Camila Machín

Personal information
- Born: 3 September 1994 (age 31) San Miguel de Tucumán, Argentina

Sport
- Sport: Field hockey
- Position: Defence

National team
- Years: Team / Caps / Goals
- 2018: Argentina / 2 / (0)
- 2022–: Italy / 7 / (3)

Medal record
Women's field hockey
Representing Argentina
South American Games
| Gold medal – first place | 2018 Cochabamba | Team |
Representing Italy

= Camila Machín =

Italian-Argentine field hockey player (born 1994)

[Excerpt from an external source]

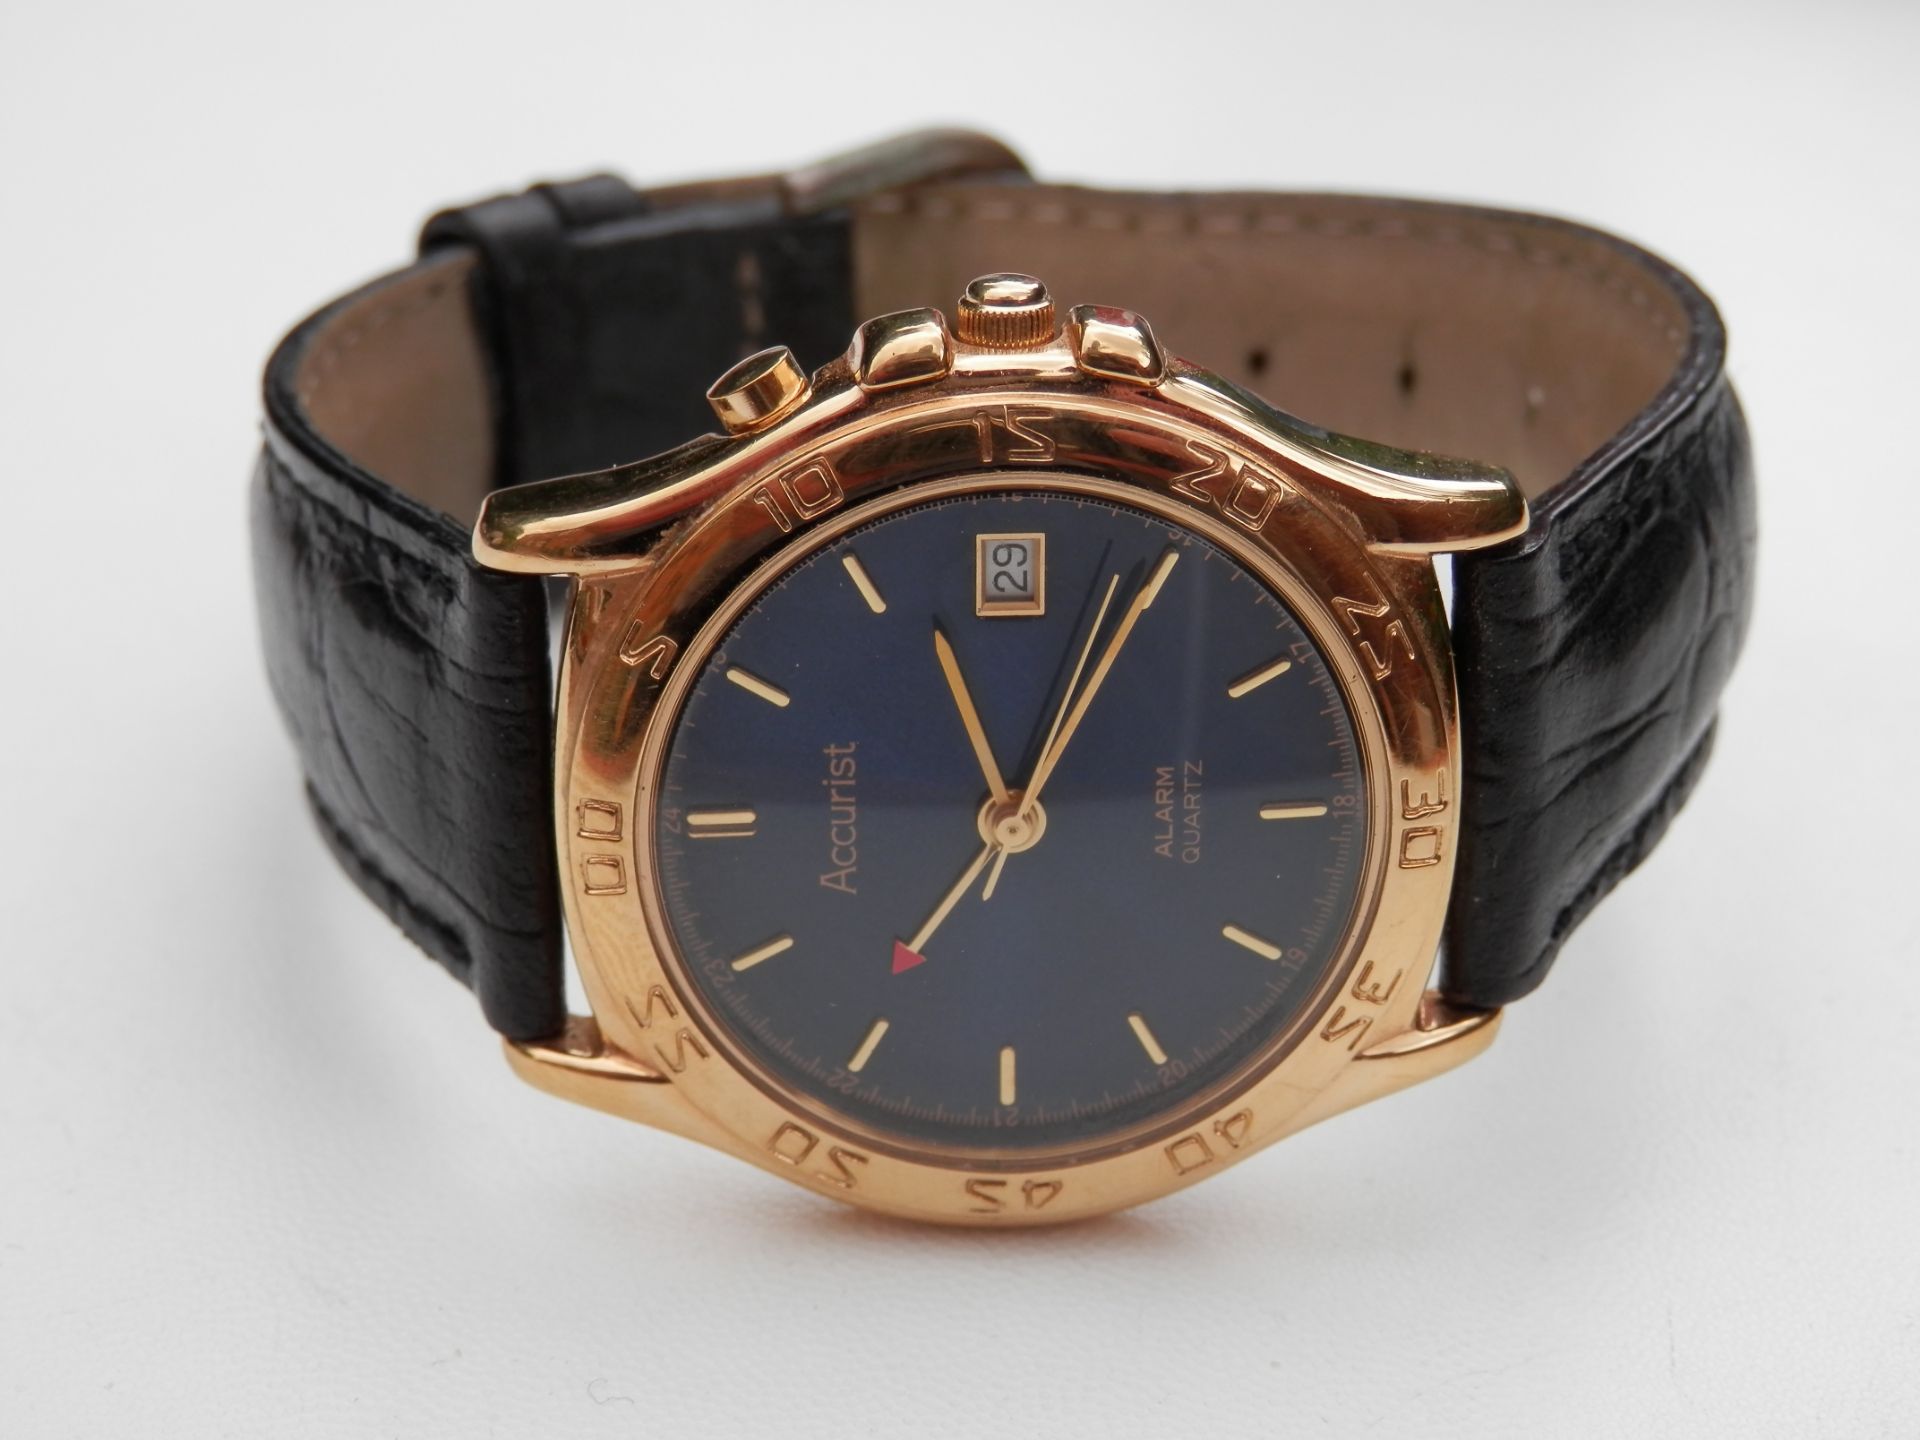 FULLY WORKING 1990S ACCURIST GENTS GOLD PLATED ANALOGUE ALARM QUARTZ WATCH, METALLIC BLUE DIAL. - Image 4 of 8

Camila Machín (born 3 September 1994) is an Italian-Argentine field hockey player.

==Personal life==
Machín was born and raised in San Miguel de Tucumán, to an Italian Argentine family.

==Career==
===Argentina===
In 2018, Machín made her international debut for the Argentine national team, Las Leonas. She was a member of the team at the XI South American Games in Cochabamba where she won a gold medal.

===Italy===
Following a four-year hiatus from international hockey, Machín returned to the world stage with the Italian national team in 2022.

She made her debut with Italy at the EuroHockey Championship Qualifiers in Vilnius. She went on to represent the team again at the inaugural edition of the FIH Nations Cup in Valencia.